Instacart: analysis of a startup
Instacart is a seed-stage startup that delivers groceries and other basic items in a very short timeframe. They are the "Amazon.com with a 1 hour delivery." At the moment their current market is only San Francisco and the Silicon Valley area. Customers can place either a 3-hour order ($3.99) or a 1-hour order ($14.99). Orders are routed to shoppers who work for Instacart, who then pick up the items at a local store and deliver them within the timeframe.
In October they raised $2.3 million from Canaan Partners and Khosla Ventures. Below is a a very brief analysis if I were considering a potential investment in Instacart.
So basically Instacart uses software (algorithms & data analysis on the back-end, with good UI design on the front-end) to connect "deliverers" in need of cash with "buyers" who need quick delivery of basic items.

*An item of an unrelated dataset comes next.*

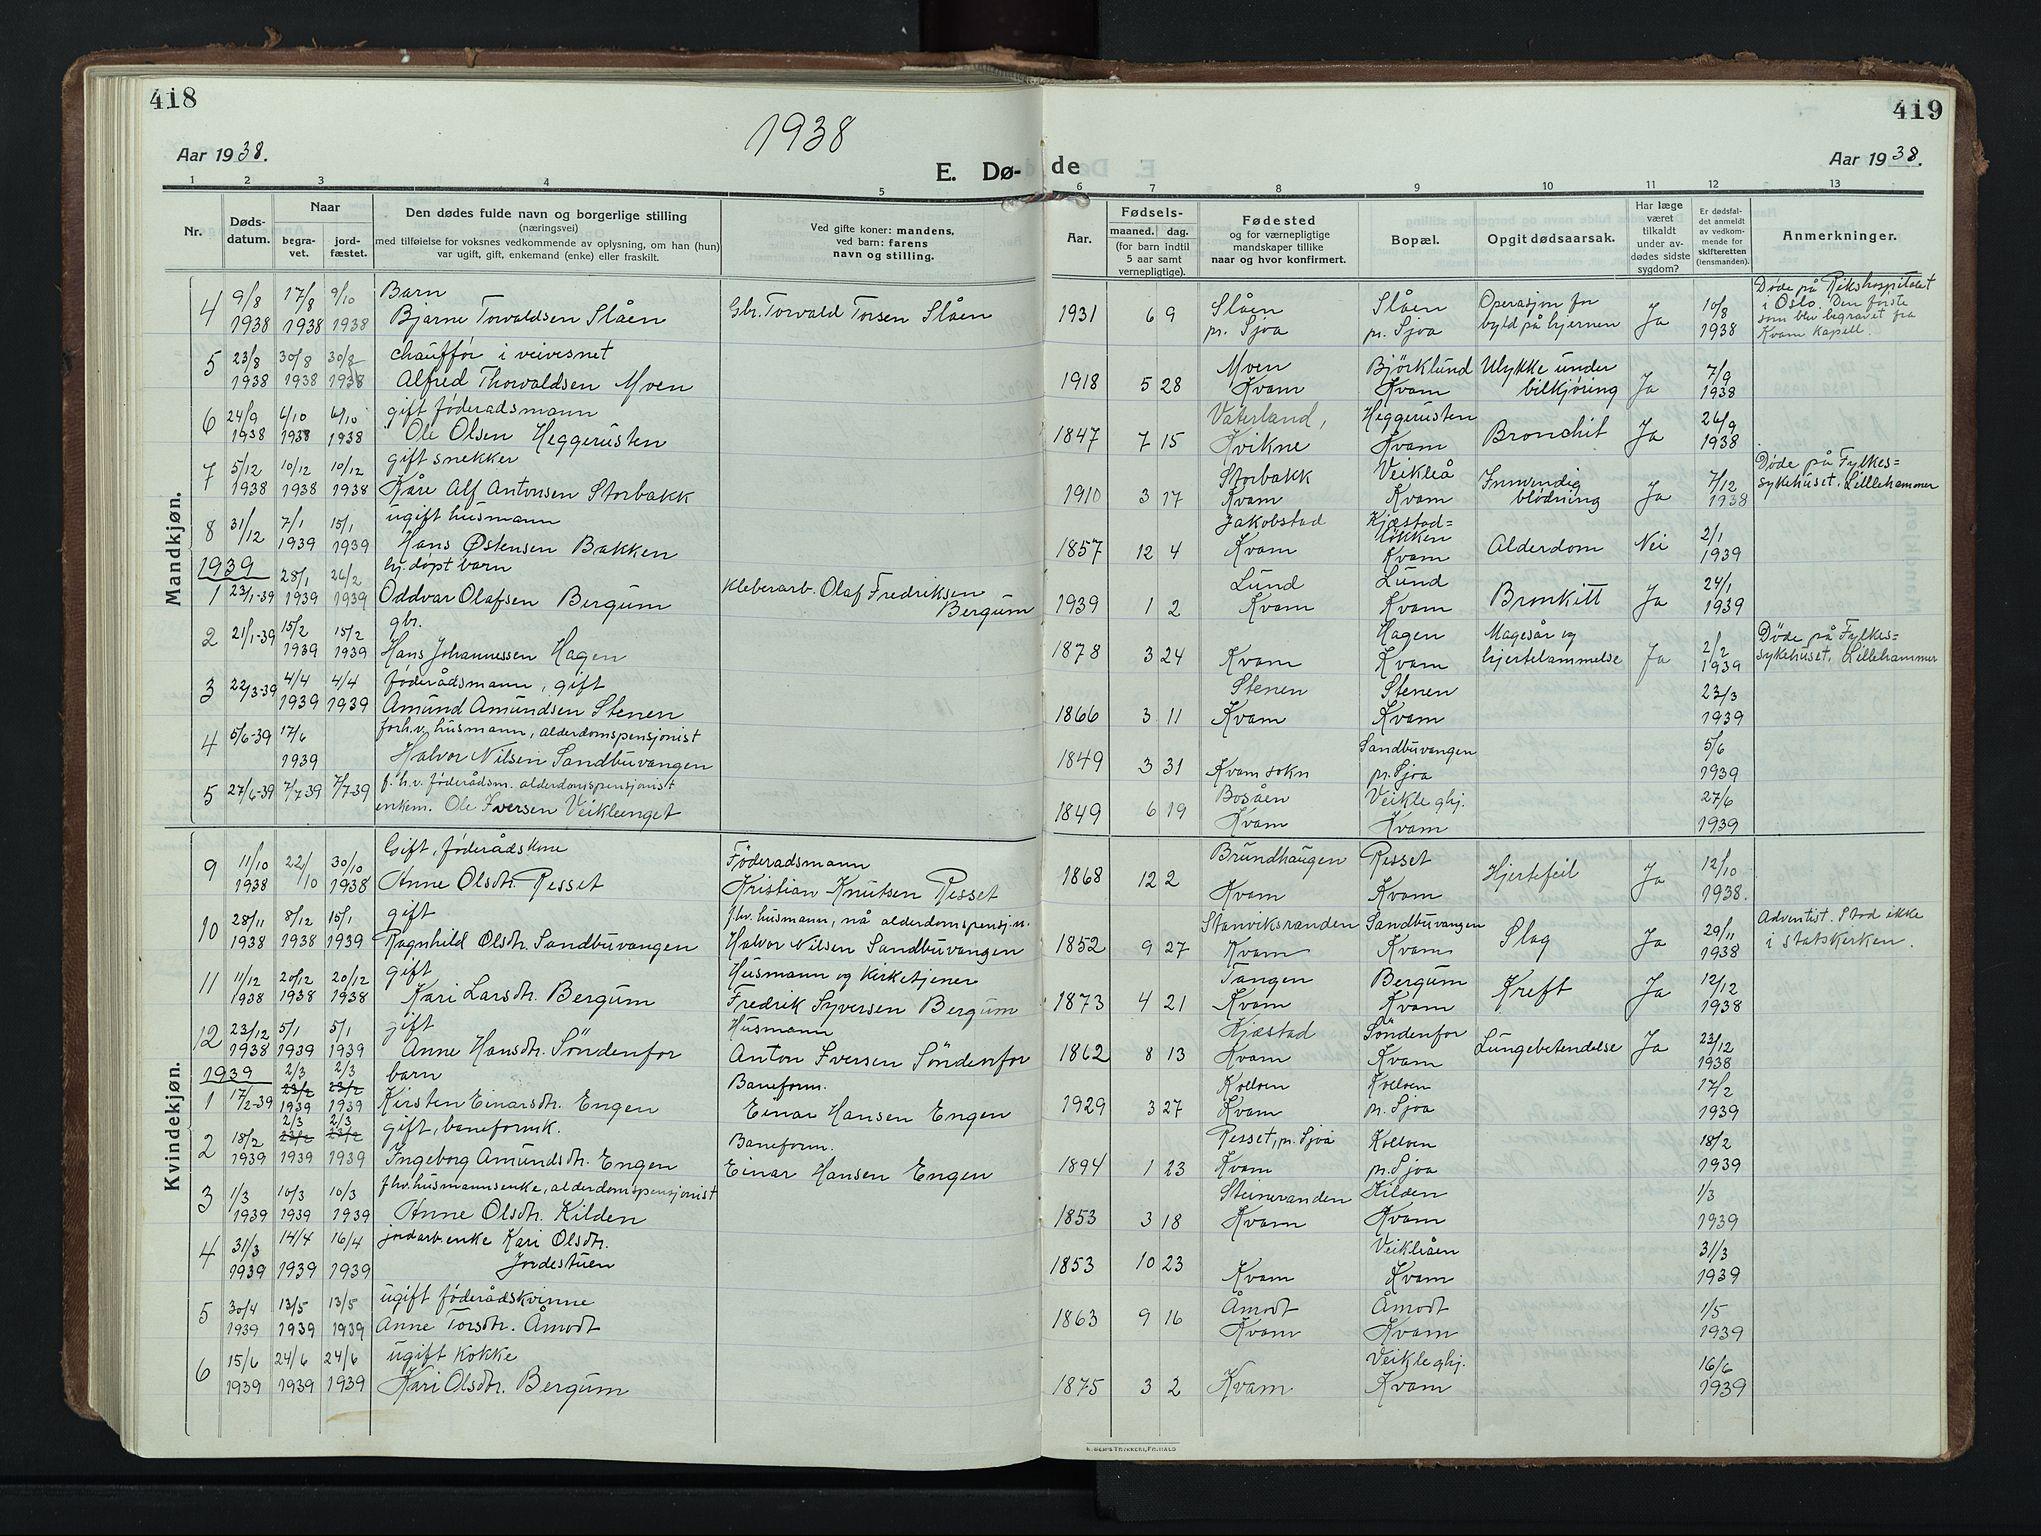 SAH, Nord-Fron prestekontor, Klokkerbok nr. 8, 1915-1948, s. 418-419

Opportunity: arbitraging the demand for instant satisfaction and convenience, using software + crowdsourcing. This will be disrupting convenience stores on the low-end, and potentially grocery stores in the future. It is taking advantage of the trends in mobile computing, data analysis, and e-commerce (willingness to trust online vendors).
Potential moats: brand habit developed through repeated purchases. Learning curve — should remain ahead of competition on the learning curve because of technology (software) advantage. This is a business where it pays to have lots of data on: customer habits, traffic, prices, store traffic, etc. It is a virtuous circle: the learning curve reinforces customer experience, which improves the brand. These advantages are all geographically local, so it will be best to roll out to new cities as quickly as possible once the kinks are worked out.
Management: with only doing minimal due diligence with public information on the founders, I didn't see any red flags. Apoorva Mehta has worked on the Amazon supply chain, so he has some experience in the business. All founders on the surface seem to be very talented. What am I looking for? Amar Bhide found that the most important traits for the founders of a typical startup are the dichotomies of: (1) seeking uncertainty while being risk averse; and (2) persevering while being adaptable.
What could go wrong: (1) other cities are not as receptive to the concept; (2) Amazon or other grocery company catches on and preempts their growth in new cities.
Investment edge: structural (not very many participants at this early stage) and psychological (grocery delivery has failed many times in the past, sometimes spectacularly — Webvan — investors are turned off by the concept because of these past failures).
This seems like a company with a good future ahead of it. That usually makes it a good investment, especially at this stage. I'm not sure what the valuation of the company is at the moment. But for a startup at this stage, the precise valuation you invest at isn't usually as important as how well the company does (within limits, of course — refer to the internet bubble).
Disclosure: I have no ownership in Instacart.